2011-06-05 Thread Peter Robinson
On Sun, Jun 5, 2011 at 6:47 AM, Sridhar Dhanapalan
srid...@laptop.org.au wrote:
 Firefox 3.5 is being EOLed by Mozilla[0] and Google is dropping
 support for it[1]. In 10.1.3 this is default Web browser in GNOME and
 the backend of the Browse activity, so we should be thinking of what
 that means for us.

 The plan for Australia is to have a Fedora 14 build (based on DX12)
 ready by January. F14 comes with Firefox 3.6, which is the oldest
 version supported by Mozilla and Google.

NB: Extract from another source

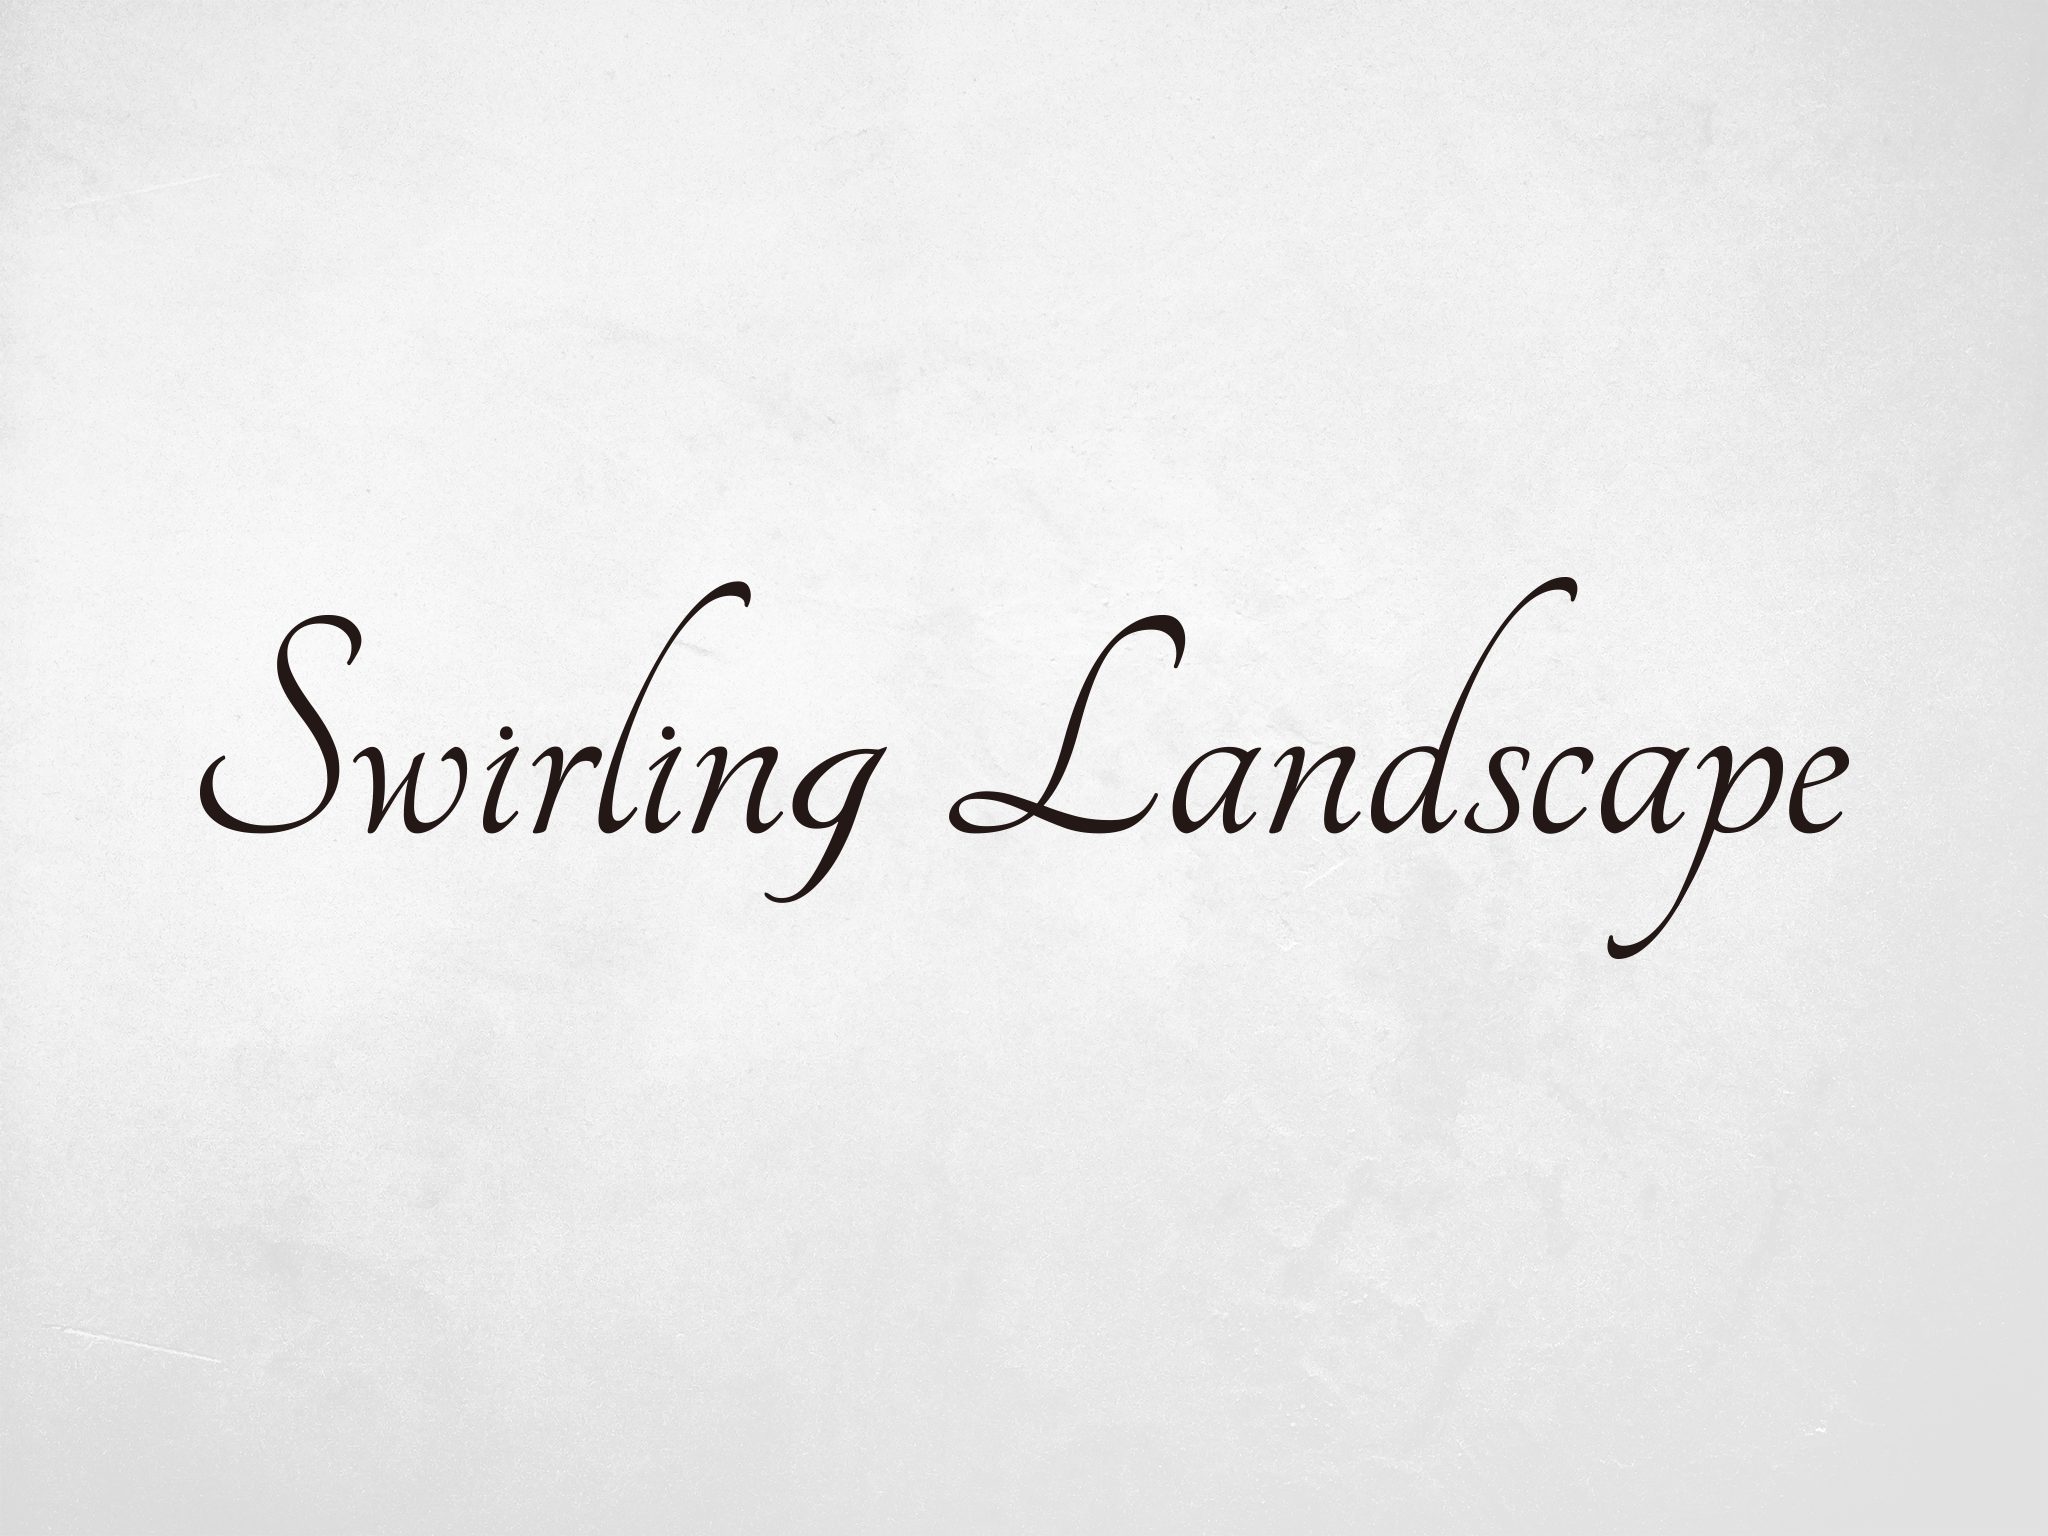 SWIRLING LANDSCAPE LOGO

 What would be even better is to have Firefox 4 available. By January,
 Firefox 3.6 will be quite old and close to EOL. Firefox 4 is a fair
 bit faster than 3.6, allowing us to squeeze extra performance out of
 our XOs. There is a yum repository for F14[2].

My understanding (I can't find where I read it) is that Firefox 3.6
will stick around for a while to support older OS releases. Do you
have information that's different?

 I use this on my F14 work machine (albeit in x86_64), and I've had no
 problem. Browse continues to work in Sugar.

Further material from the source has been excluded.